WHAT TO DO.
Reproduce the whole listing exactly, omitting any picture it holds.

DATA SECTION.
···

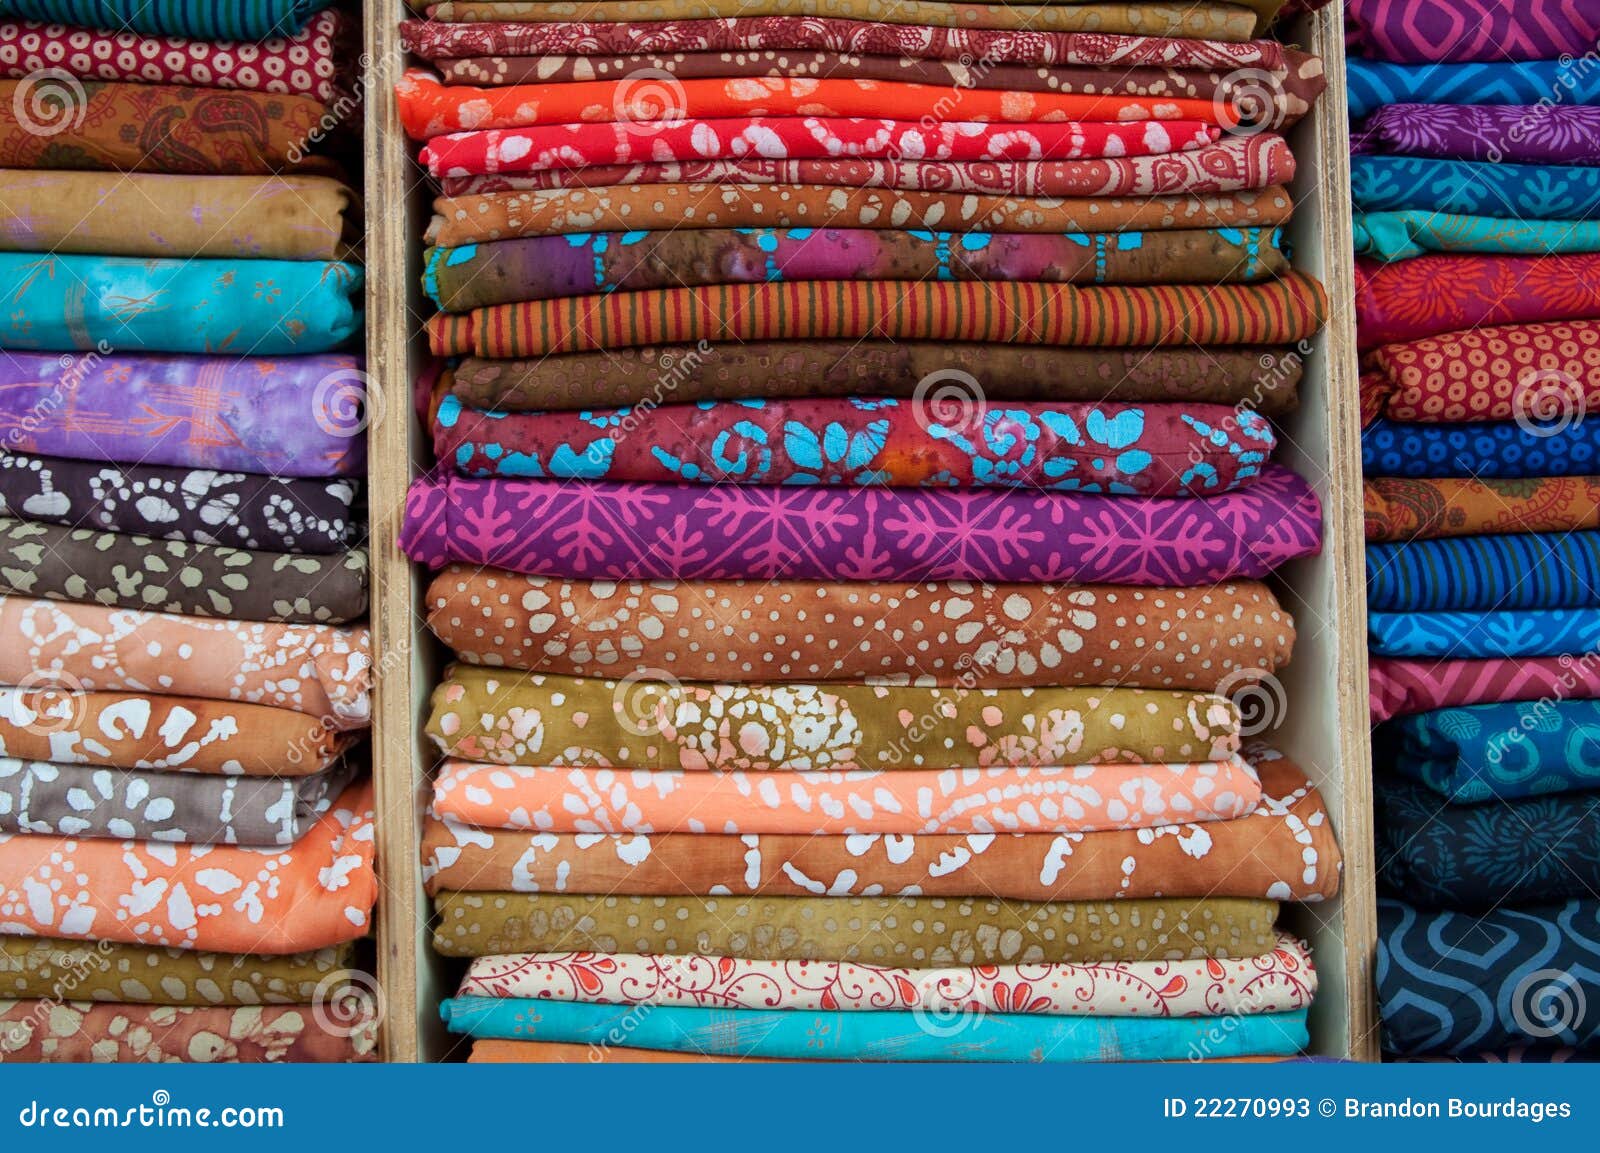 Voorkeursbehandeling Vacature Schuur Indian Fabrics for Sale stock image. Image of fabric - 22270993
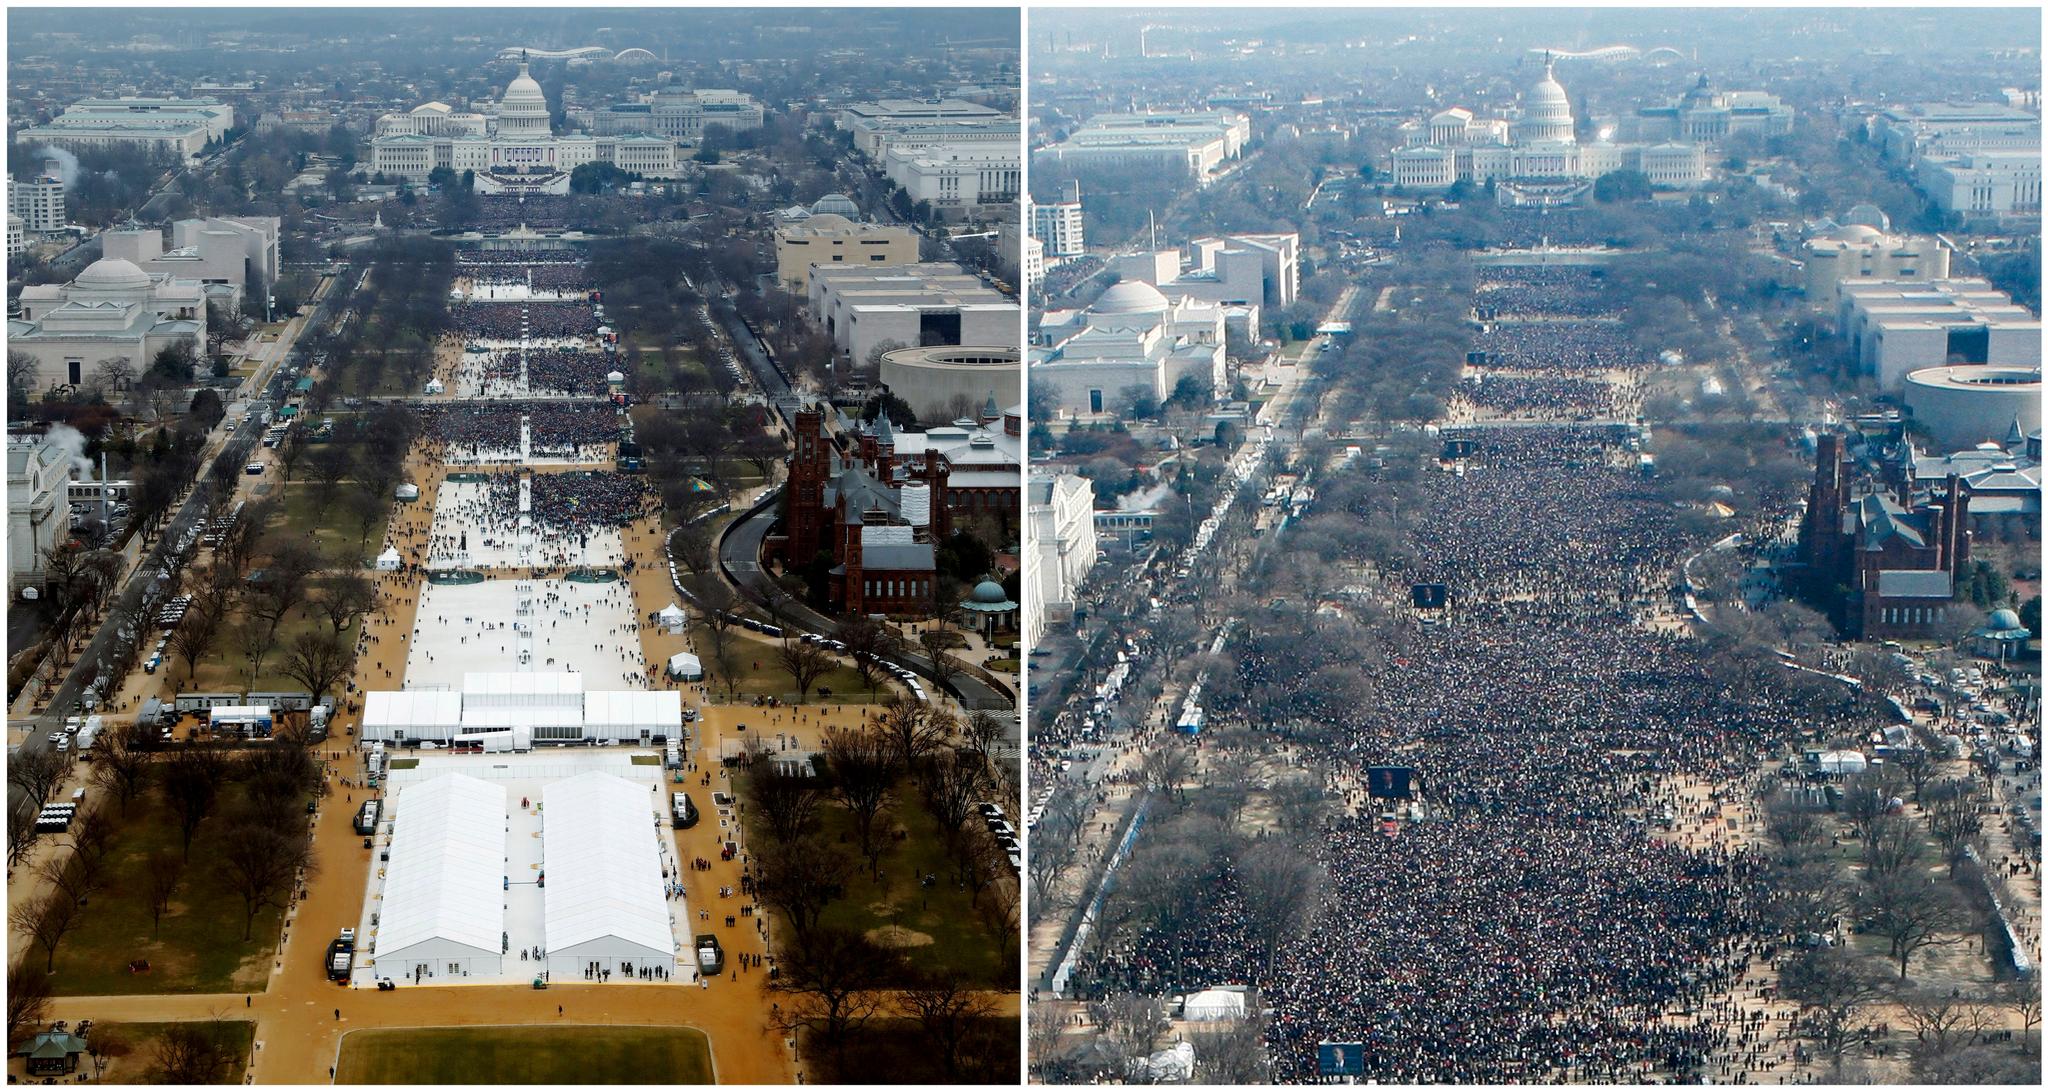 En sammenligning av bilder tatt ved innsettelsesseremonien til Donald Trump i 2017 (til venstre) og Barack Obama i 2009 (til høyre). Begge bildene er tatt like før seremoniene startet.
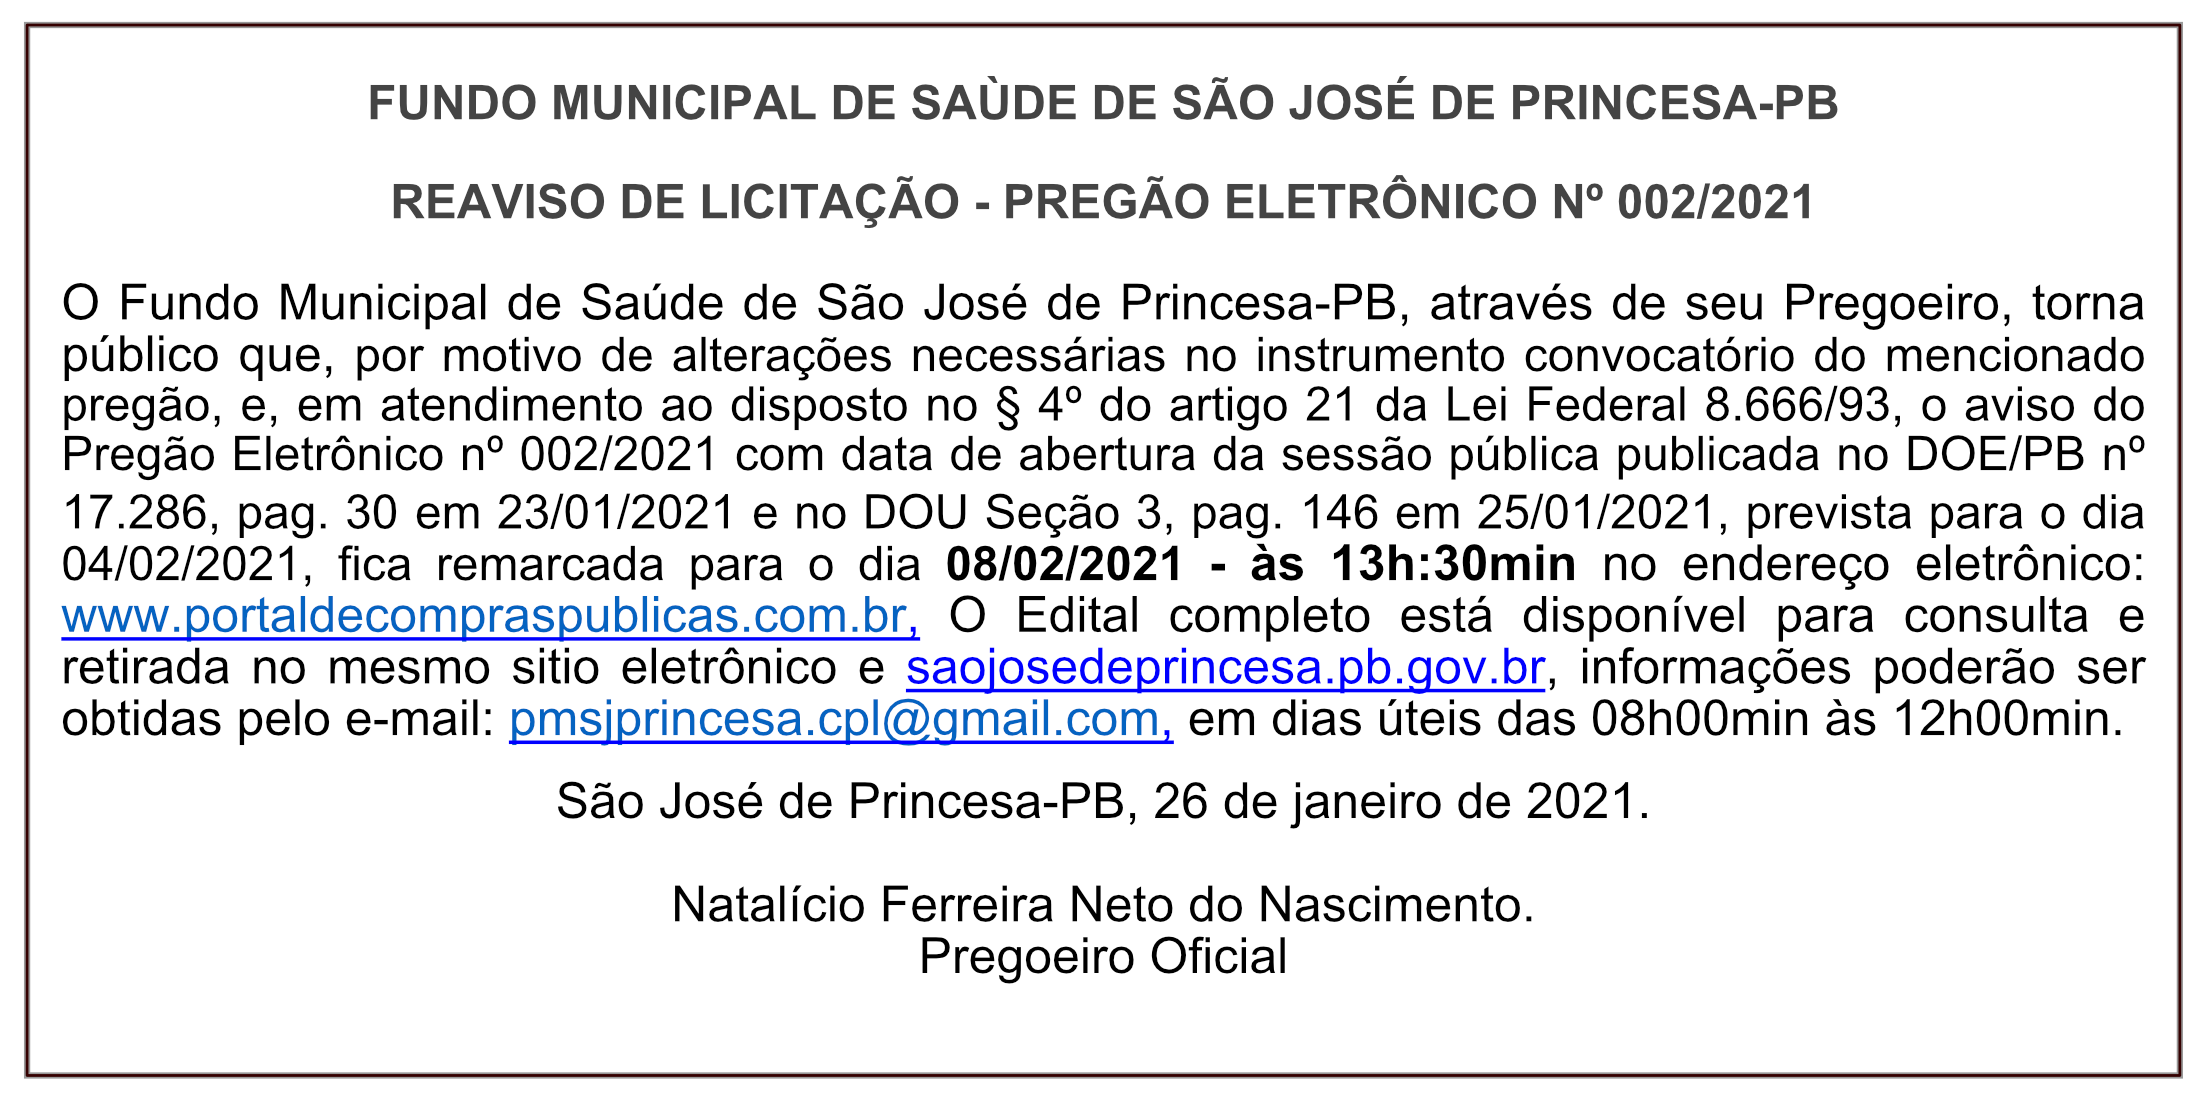 FUNDO MUNICIPAL DE SAÙDE DE SÃO JOSÉ DE PRINCESA – REAVISO DE LICITAÇÃO – PREGÃO ELETRÔNICO Nº 002/2021

···

REPLY.
 Voorkeursbehandeling Vacature Schuur Indian Fabrics for Sale stock image. Image of fabric - 22270993
 En sammenligning av bilder tatt ved innsettelsesseremonien til Donald Trump i 2017 (til venstre) og Barack Obama i 2009 (til høyre). Begge bildene er tatt like før seremoniene startet.
 FUNDO MUNICIPAL DE SAÙDE DE SÃO JOSÉ DE PRINCESA – REAVISO DE LICITAÇÃO – PREGÃO ELETRÔNICO Nº 002/2021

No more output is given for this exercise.